This is a case of a game delivering exactly what I expected from it -- a Ticket to Ride experience that plays in 10-15 minutes.

On the positive side, the game sets up more quickly, takes up less table space, and can easily be played over a lunch break or on a work night without sacrificing sleep. There is much less top-decking for cards, as the longest route in this game is a length of four, and there is only one route that long on the board. Scoring once at the end of the game also speeds up game play, as players don’t need to remember to keep moving their scoring markers up a few points at a time throughout the game.

Conversely, the game ends very quickly, and may leave some players wishing for the longer experience that other Ticket to Ride games deliver. There are no five and six length routes, so the “rummy” experience of collecting matching cards is diminished. The smaller map has nothing even close to 20+ point coast-to-coast destinations to work for as a long-term goal, because there simply is no long-term in Ticket to Ride: New York.

Starting with only 15 taxis, but having the same end game condition trigger -- when a player only has two taxis remaining -- makes the game much more of a straight race to complete destination cards and end the game as opposed to the other, longer versions of Ticket to Ride. Depending on your point-of-view, this could be viewed as a positive or a negative, but it is worth noting.

I wrote an initial impression of Ticket to Ride: New York instead of writing a full review because, to be honest, there isn’t really enough to say about it to warrant a full review. At the end of the day, this game will be a situational success -- it will be great for people that either want or need a 10-15 minute version of Ticket to Ride, or want to use this abbreviated version to introduce it to others that aren’t familiar with the Ticket to Ride series.

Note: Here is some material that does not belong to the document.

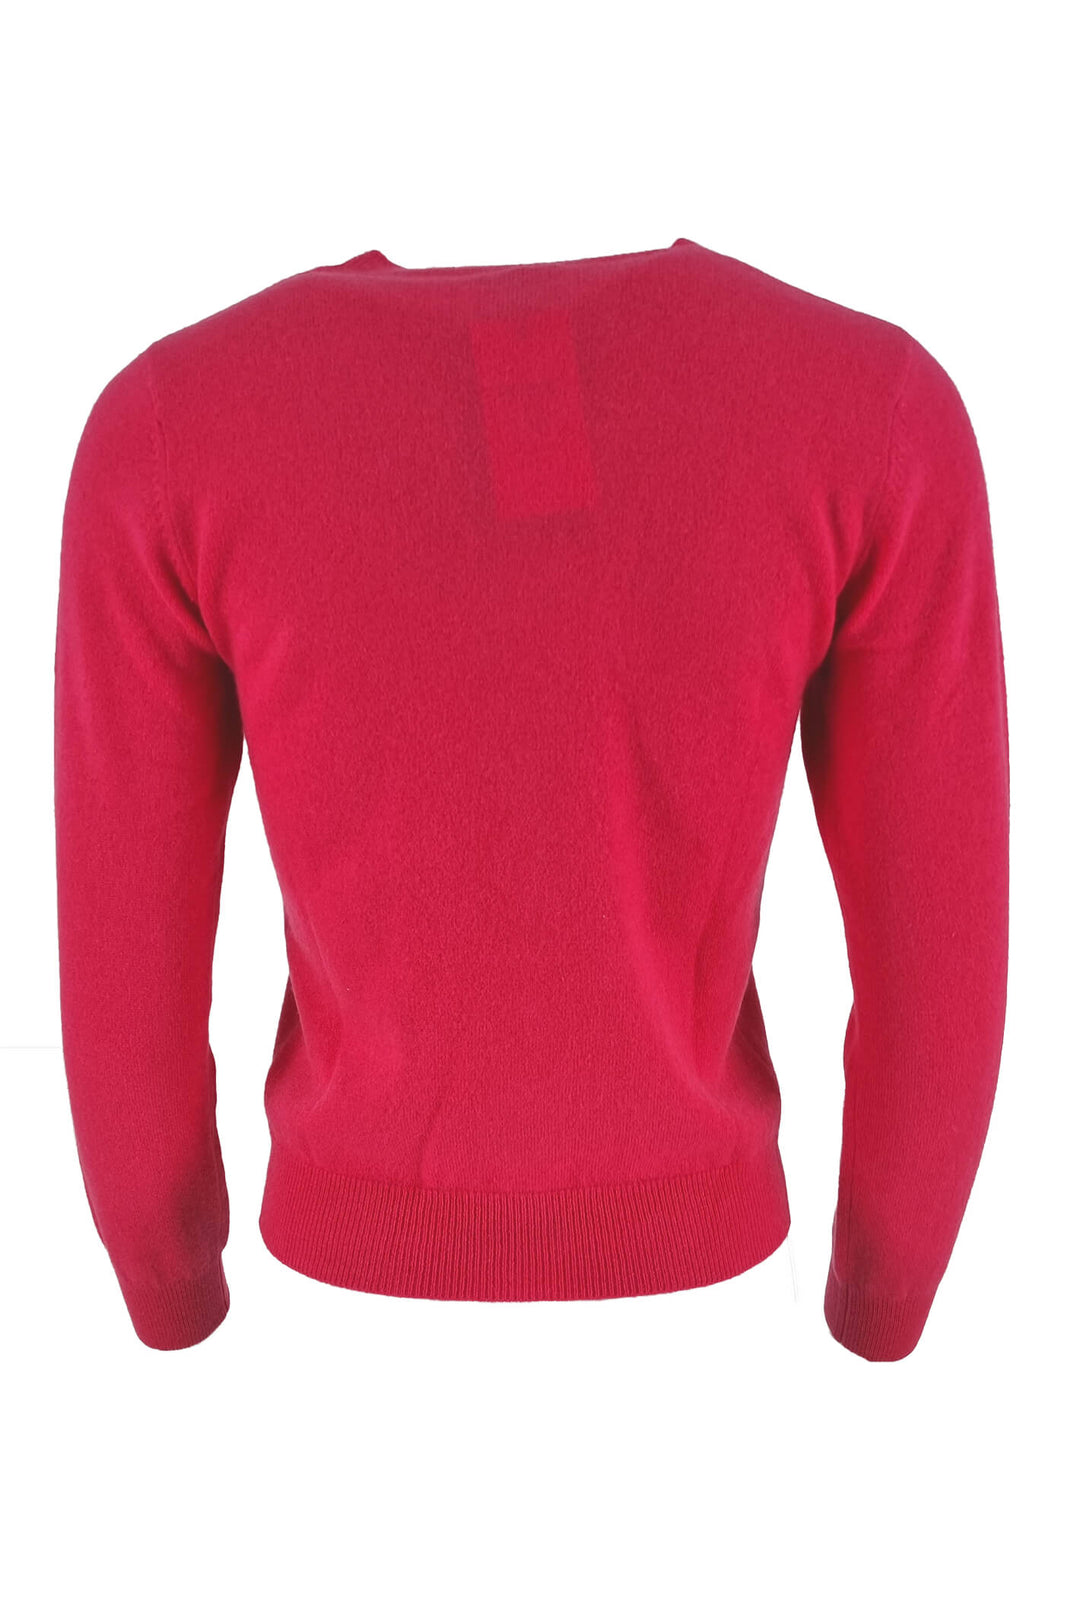 Estheme Cashmere WES2114H 2916 Pink Colour Buttons Cardigan - Shirley Allum Boutique

Ticket to Ride: New York isn’t as satisfying to play as longer versions of Ticket to Ride, because it loses the strategy of building longer routes across the board, and the maneuvering and blocking that accompanies that aspect of the game. As for people that don’t enjoy other Ticket to Ride games, there is nothing here to change their opinion, other than its shorter playtime meaning they’ll be spending less time playing a Ticket to Ride game.

A final tangential observation -- likely sparked by seeing this game’s box size being similar to the popular two-player game box size -- I am surprised there is no two-player only Ticket to Ride: Duel game. Using the same size box and the same number of components as Ticket to Ride: New York, but instead giving two players each thirty trains, Alan Moon could have created a Ticket to Ride experience that played in under thirty minutes and satisfied couples looking for that quicker experience, but still had more decision space and depth than this version provides.